Формальное домашнее торжество, скромное и тихое, обещало превратиться в грандиозный пир… Ирина готовилась к своему звездному часу. Вера чувствовала себя неважно, у нее поднялось давление, и она накануне торжества легла в своей комнате и прикрыла дверь. В большой комнате Шурик составил столы, Ирина вытащила посуду, которую не доставали со смерти Елизаветы Ивановны: стопки тарелок трех размеров, салатницы, вазочки, хренницы и огромное блюдо, рассчитанное, кажется, на кабана…
«Надо было отправить ее в Малоярославец», – запоздало раскаивался Шурик в своей бесхарактерности и неспособности управлять домашними событиями. Но теперь деваться было некуда. Шурик готовил себя к испытанию.

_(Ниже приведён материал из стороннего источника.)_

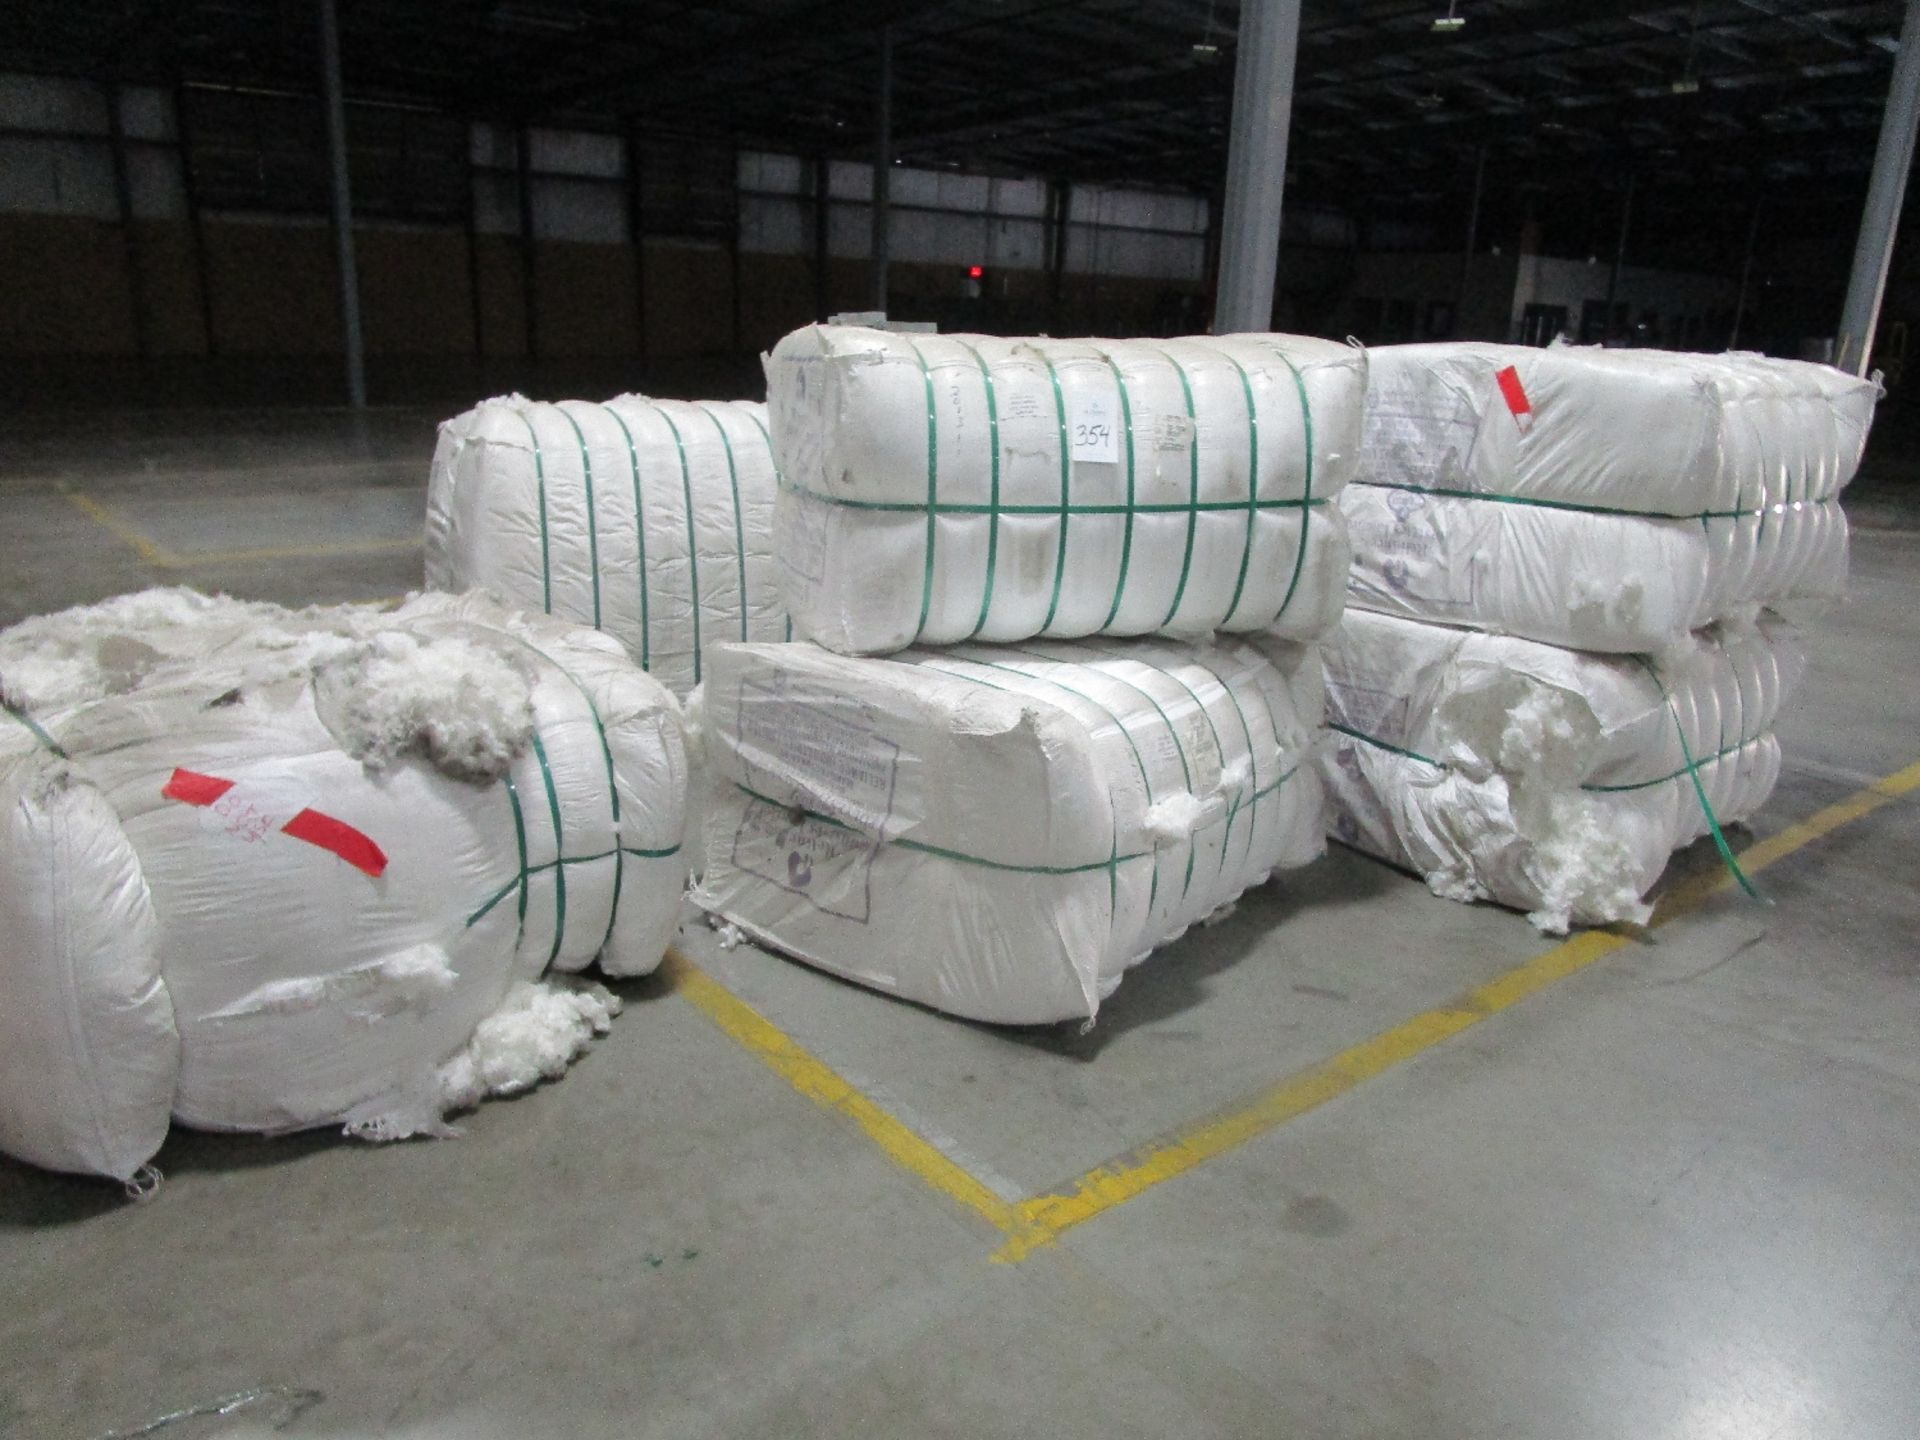 Reliance Industries 42512 Poly Fill Bales

Гостей собралось даже больше, чем предполагалось. В виде сюрприза явились Алла с Катей. Кажется, у Аллочки была тайная мысль случайно встретиться с Женей: она не теряла надежды на его возврат. Впрочем, это не мешало ей время от времени пользоваться Шуриковой разнообразной поддержкой…
Толстенькая неуклюжая Катя с выпавшими верхними зубами остро напомнила Вере о Марии. Вера усадила девочку рядом с собой. Девочка была милая, но сравнения с Марией не выдерживала: ни лучезарной марииной радости, ни яркой прелести в ней не было – одно только пухленькое мясо. По другую руку от Веры сидел Шурик. Возле Шурика – Светлана в белой блузке, со смиренно-хищным видом.
Вера давно уже, с самого отъезда Лены и Марии, лелеяла мысль о женитьбе Шурика. Она бы не возражала против Светланы: девушка, конечно, своеобразная, но сдержанная, воспитанная, рукодельница. И Шурика любит.
Родили бы девочку… Марию, разумеется, никто не заменит, но было бы рядом милое существо… Странно, что всякий раз, когда Вера заговаривала об этом с Шуриком, он обнимал ее, целовал в макушку и шептал на ухо:
– Веруся! И не думай! Я бы женился только на тебе. Но второй такой нет!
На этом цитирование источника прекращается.